I’m having trouble with my ETL process. Let me explain my problem, I have this code:
import time
from selenium import webdriver
from selenium.webdriver.common.by import By
import pandas as pd
import chromedriver_autoinstaller
chromedriver_autoinstaller.install()
options = webdriver.ChromeOptions()
driver = webdriver.Chrome( options = options )
######################## WEBSCRAPING
table = None
attempts = 0
max_attempts = 1000
wait_time = 10
while not table and attempts < max_attempts:
driver.get("https://www.congreso.gob.pe/pleno/congresistas/?=undefined&m1_idP=13")
soup = BeautifulSoup(driver.page_source, 'html.parser')
table = soup.find('table')
attempts += 1
if not table:
print(f"Tabla no encontrada. Intento {attempts}/{max_attempts}. Reintentando en {wait_time} segundos...")
time.sleep(wait_time)
else:
print("Tabla encontrada.")
if table:
headers = [th.text.strip() for th in table.find_all('tr')[0].find_all('th')]
data = [[td.text.strip() for td in row.find_all('td')] for row in table.find_all('tr')[1:]]

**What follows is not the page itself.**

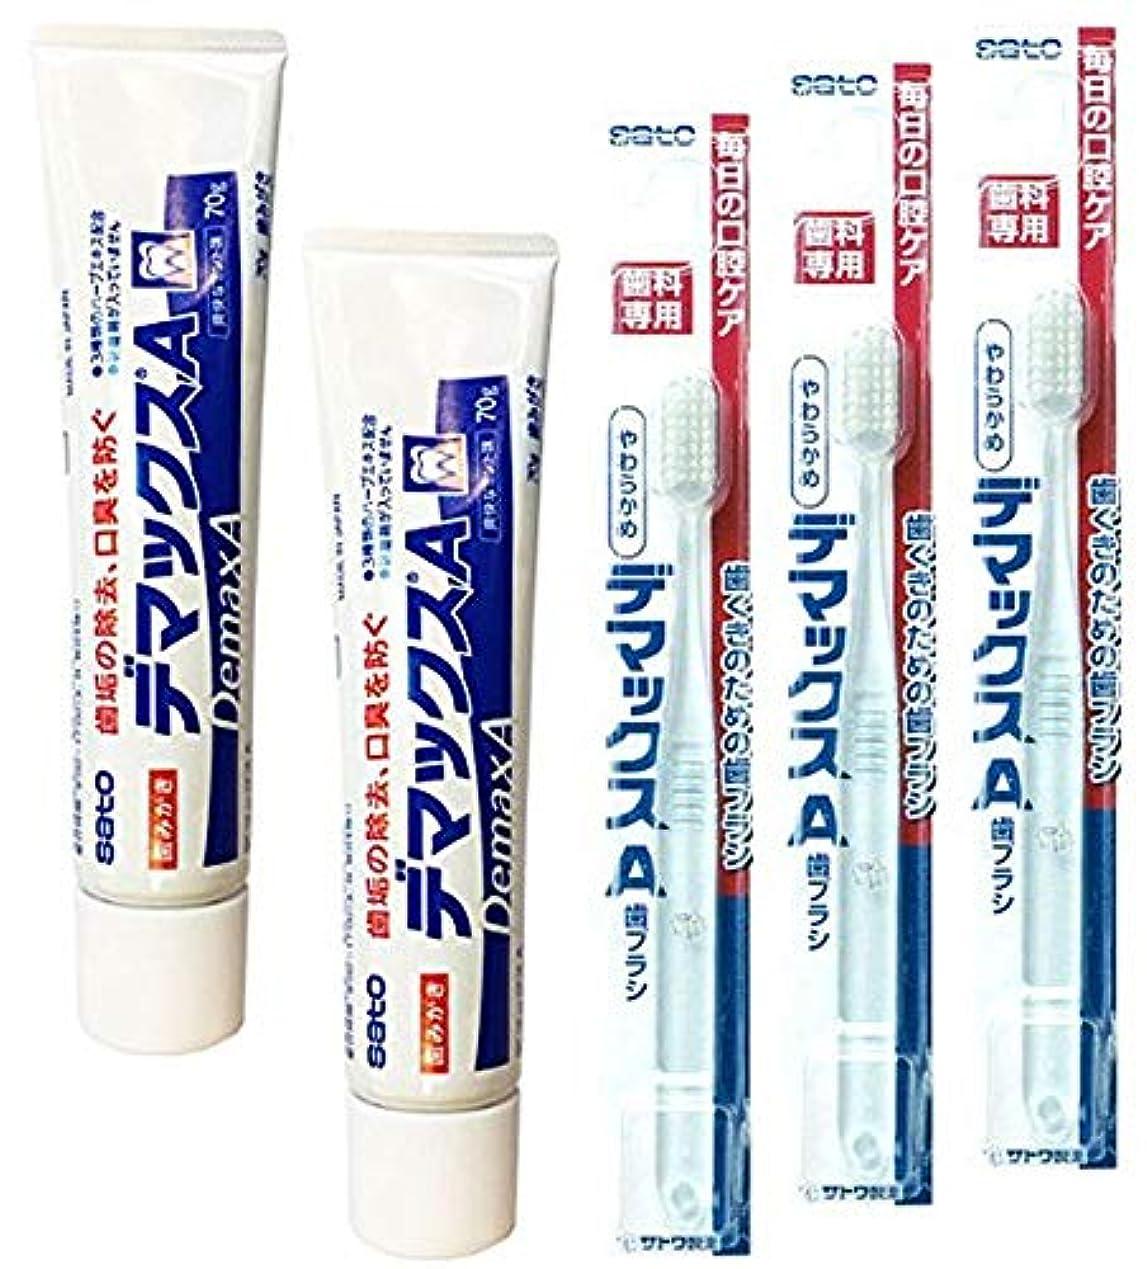 ピービッシュ解釈的転送佐藤製薬 デマックスA 歯磨き粉(70g) 2個 + デマックスA 歯ブラシ 3本 セット
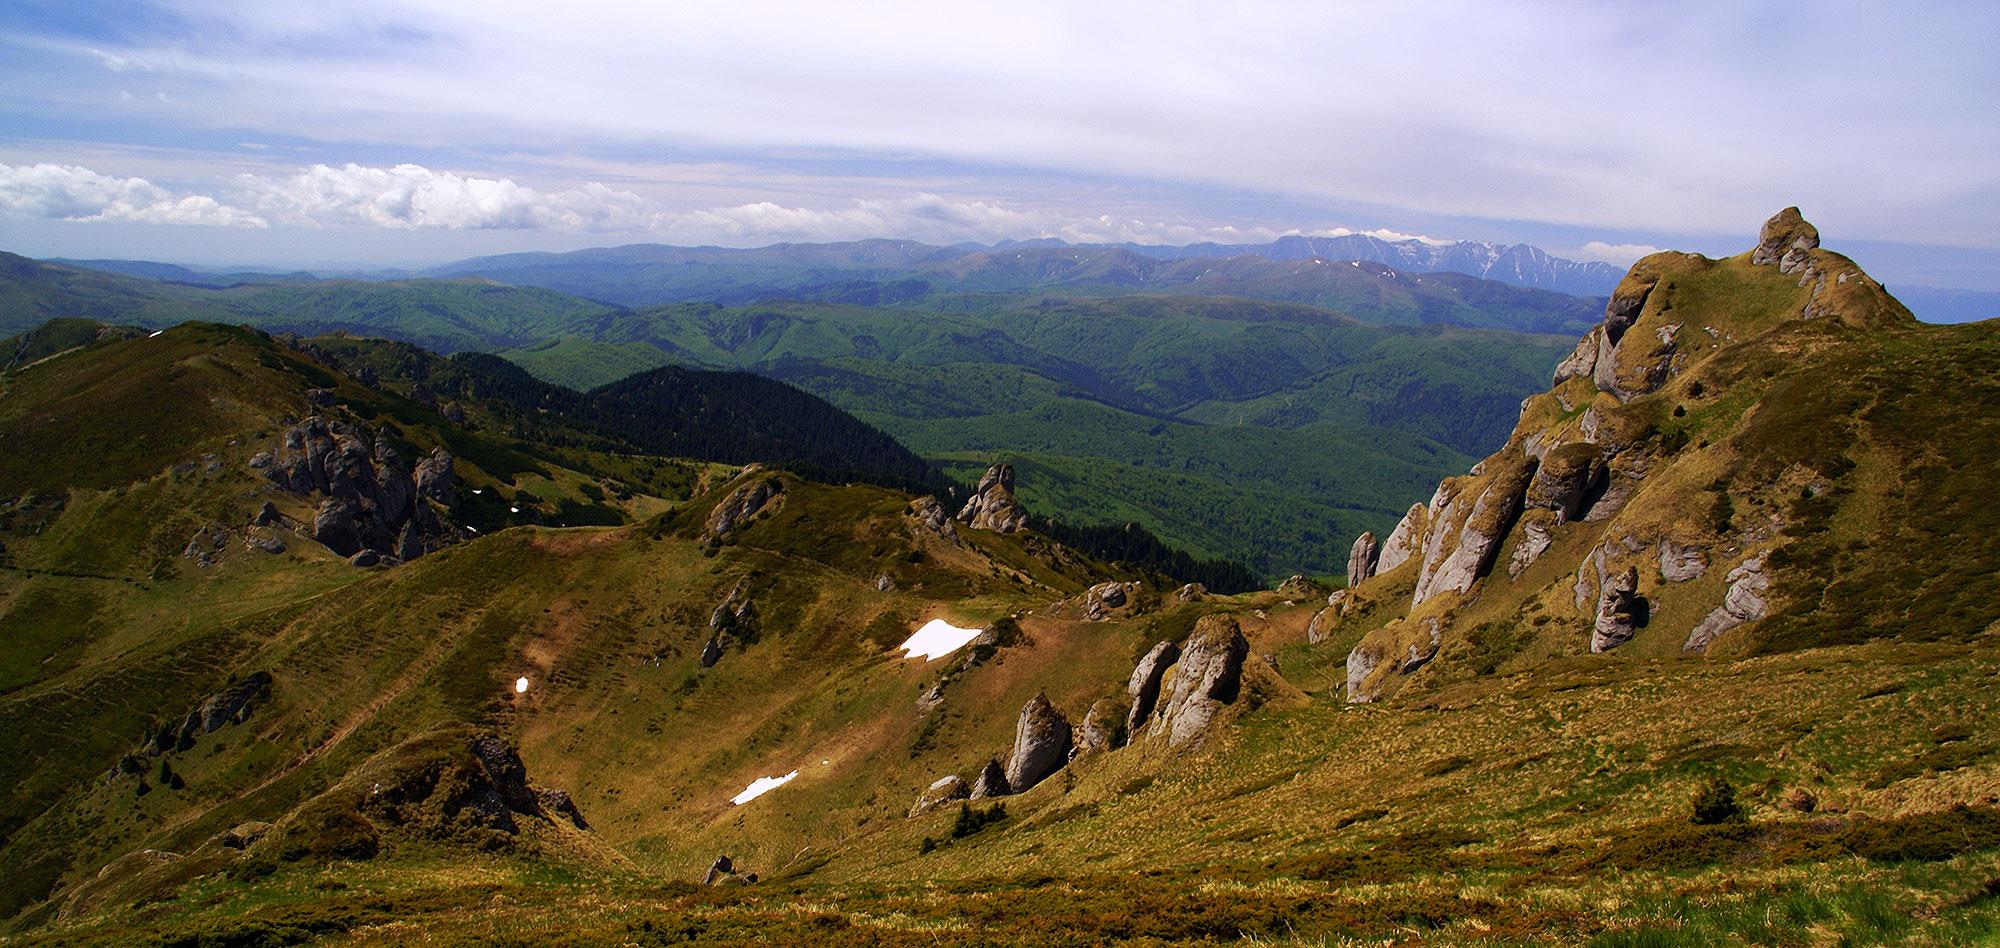 Góry Întorsurii z pasmem Gór Cziukasz

df = pd.DataFrame(data, columns=headers)
else:
print("No se encontró ninguna tabla después de múltiples intentos.")
driver.quit()
exit()
The output is the table of this link
print(df.head(3))
Apellidos y Nombres | Grupo Parlamentario | ||
---|---|---|---|
Acuña Peralta María Grimaneza | ALIANZA PARA EL PROGRESO | [email protected] | |
Acuña Peralta Segundo Héctor | HONOR Y DEMOCRACIA | [email protected] |
So, I'm trying to automate this process in other environment (without graphical interface). For that reason, I want to add these options:
options.add_argument('--no-sandbox')
options.add_argument('--start-maximized')
options.add_argument('--disable-dev-shm-usage')
options.add_argument( '--incognito' )
options.add_argument( '--headless' )
Finally, my code (Before ####WEBSCRAPING) will be:
import time
from selenium import webdriver
from selenium.webdriver.common.by import By
import pandas as pd
import chromedriver_autoinstaller
chromedriver_autoinstaller.install()
options = webdriver.ChromeOptions()
options.add_argument('--no-sandbox')
options.add_argument('--start-maximized')
options.add_argument('--disable-dev-shm-usage')
options.add_argument( '--incognito' )
options.add_argument( '--headless' )
driver = webdriver.Chrome( options = options )
######################## WEBSCRAPING...
But when I try to execute this, Python simply doesn't recognize the table and my code end the loop without the data frame.
Can anyone help me? I want to maintain the options to disable graphic interface.